(Beginning of Provided entries)
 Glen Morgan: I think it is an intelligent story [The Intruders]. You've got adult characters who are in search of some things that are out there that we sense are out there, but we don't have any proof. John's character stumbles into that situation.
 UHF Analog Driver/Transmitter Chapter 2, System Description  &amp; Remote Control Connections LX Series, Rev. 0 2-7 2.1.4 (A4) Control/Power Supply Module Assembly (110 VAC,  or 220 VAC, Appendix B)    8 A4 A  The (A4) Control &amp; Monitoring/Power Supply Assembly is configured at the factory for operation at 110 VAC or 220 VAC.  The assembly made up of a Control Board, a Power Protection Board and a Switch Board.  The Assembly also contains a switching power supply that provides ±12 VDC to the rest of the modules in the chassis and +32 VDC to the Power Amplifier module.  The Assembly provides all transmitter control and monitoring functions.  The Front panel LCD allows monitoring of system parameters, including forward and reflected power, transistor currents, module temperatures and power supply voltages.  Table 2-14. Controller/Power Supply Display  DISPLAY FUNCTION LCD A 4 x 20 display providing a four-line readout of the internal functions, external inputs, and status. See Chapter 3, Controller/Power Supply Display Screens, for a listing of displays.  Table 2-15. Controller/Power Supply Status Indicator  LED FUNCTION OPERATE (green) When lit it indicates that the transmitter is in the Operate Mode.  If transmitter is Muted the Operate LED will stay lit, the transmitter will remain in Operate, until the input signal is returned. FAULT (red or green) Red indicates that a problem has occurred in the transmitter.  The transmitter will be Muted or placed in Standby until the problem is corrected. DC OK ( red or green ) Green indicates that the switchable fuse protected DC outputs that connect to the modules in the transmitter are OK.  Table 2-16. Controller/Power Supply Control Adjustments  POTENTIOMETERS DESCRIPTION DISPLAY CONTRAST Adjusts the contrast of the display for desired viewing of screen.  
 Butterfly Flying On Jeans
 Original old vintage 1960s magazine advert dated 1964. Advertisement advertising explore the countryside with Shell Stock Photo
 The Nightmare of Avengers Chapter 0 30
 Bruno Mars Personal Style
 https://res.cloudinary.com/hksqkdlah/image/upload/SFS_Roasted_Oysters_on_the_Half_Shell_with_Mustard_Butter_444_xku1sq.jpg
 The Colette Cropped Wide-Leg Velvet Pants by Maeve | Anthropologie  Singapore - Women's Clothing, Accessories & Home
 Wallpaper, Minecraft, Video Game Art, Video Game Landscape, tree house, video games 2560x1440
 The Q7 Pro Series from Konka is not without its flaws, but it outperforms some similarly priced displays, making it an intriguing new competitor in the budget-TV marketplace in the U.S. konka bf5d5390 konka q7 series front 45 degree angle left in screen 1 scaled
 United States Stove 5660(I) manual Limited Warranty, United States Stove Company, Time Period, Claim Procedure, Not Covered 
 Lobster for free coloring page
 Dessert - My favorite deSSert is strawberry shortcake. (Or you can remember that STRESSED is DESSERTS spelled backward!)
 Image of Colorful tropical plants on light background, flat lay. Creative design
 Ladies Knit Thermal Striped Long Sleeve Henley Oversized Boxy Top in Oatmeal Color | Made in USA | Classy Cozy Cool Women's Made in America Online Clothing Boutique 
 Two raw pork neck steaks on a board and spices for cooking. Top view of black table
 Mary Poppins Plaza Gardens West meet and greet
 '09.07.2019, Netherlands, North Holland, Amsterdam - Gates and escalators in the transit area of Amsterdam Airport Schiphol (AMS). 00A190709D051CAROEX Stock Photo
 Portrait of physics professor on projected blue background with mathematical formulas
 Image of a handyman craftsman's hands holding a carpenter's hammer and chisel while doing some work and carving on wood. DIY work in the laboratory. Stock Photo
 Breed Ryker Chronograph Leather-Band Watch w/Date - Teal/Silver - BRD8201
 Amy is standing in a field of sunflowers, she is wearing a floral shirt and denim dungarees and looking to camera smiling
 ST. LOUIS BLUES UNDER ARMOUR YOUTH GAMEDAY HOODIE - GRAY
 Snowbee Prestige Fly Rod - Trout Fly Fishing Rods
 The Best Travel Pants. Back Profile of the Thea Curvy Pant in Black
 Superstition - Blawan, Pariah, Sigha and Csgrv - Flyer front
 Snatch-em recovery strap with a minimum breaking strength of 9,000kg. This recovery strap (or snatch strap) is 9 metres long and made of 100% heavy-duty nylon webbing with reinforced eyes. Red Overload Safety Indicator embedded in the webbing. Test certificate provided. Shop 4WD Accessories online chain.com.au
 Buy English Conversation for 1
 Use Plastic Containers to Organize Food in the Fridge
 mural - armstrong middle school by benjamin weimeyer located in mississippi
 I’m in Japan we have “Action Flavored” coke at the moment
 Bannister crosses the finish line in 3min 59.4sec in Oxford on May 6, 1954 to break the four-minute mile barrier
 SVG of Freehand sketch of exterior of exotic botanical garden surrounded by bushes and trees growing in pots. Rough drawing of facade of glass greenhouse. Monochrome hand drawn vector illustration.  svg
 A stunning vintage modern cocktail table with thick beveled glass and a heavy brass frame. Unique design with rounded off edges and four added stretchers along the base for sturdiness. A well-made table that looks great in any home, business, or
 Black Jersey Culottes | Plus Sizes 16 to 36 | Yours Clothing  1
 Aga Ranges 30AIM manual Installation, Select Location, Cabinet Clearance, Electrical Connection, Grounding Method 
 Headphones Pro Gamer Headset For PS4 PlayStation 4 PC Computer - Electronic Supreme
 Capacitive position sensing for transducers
(End of Provided entries)
> What to do:
Beginning at the line with "Portrait of physics" and stopping after the line with "Superstition - Blawan, Pariah, Sigha", please write out every line of the data above exactly and nothing else.

> Result of this task:
 Portrait of physics professor on projected blue background with mathematical formulas
 Image of a handyman craftsman's hands holding a carpenter's hammer and chisel while doing some work and carving on wood. DIY work in the laboratory. Stock Photo
 Breed Ryker Chronograph Leather-Band Watch w/Date - Teal/Silver - BRD8201
 Amy is standing in a field of sunflowers, she is wearing a floral shirt and denim dungarees and looking to camera smiling
 ST. LOUIS BLUES UNDER ARMOUR YOUTH GAMEDAY HOODIE - GRAY
 Snowbee Prestige Fly Rod - Trout Fly Fishing Rods
 The Best Travel Pants. Back Profile of the Thea Curvy Pant in Black
 Superstition - Blawan, Pariah, Sigha and Csgrv - Flyer front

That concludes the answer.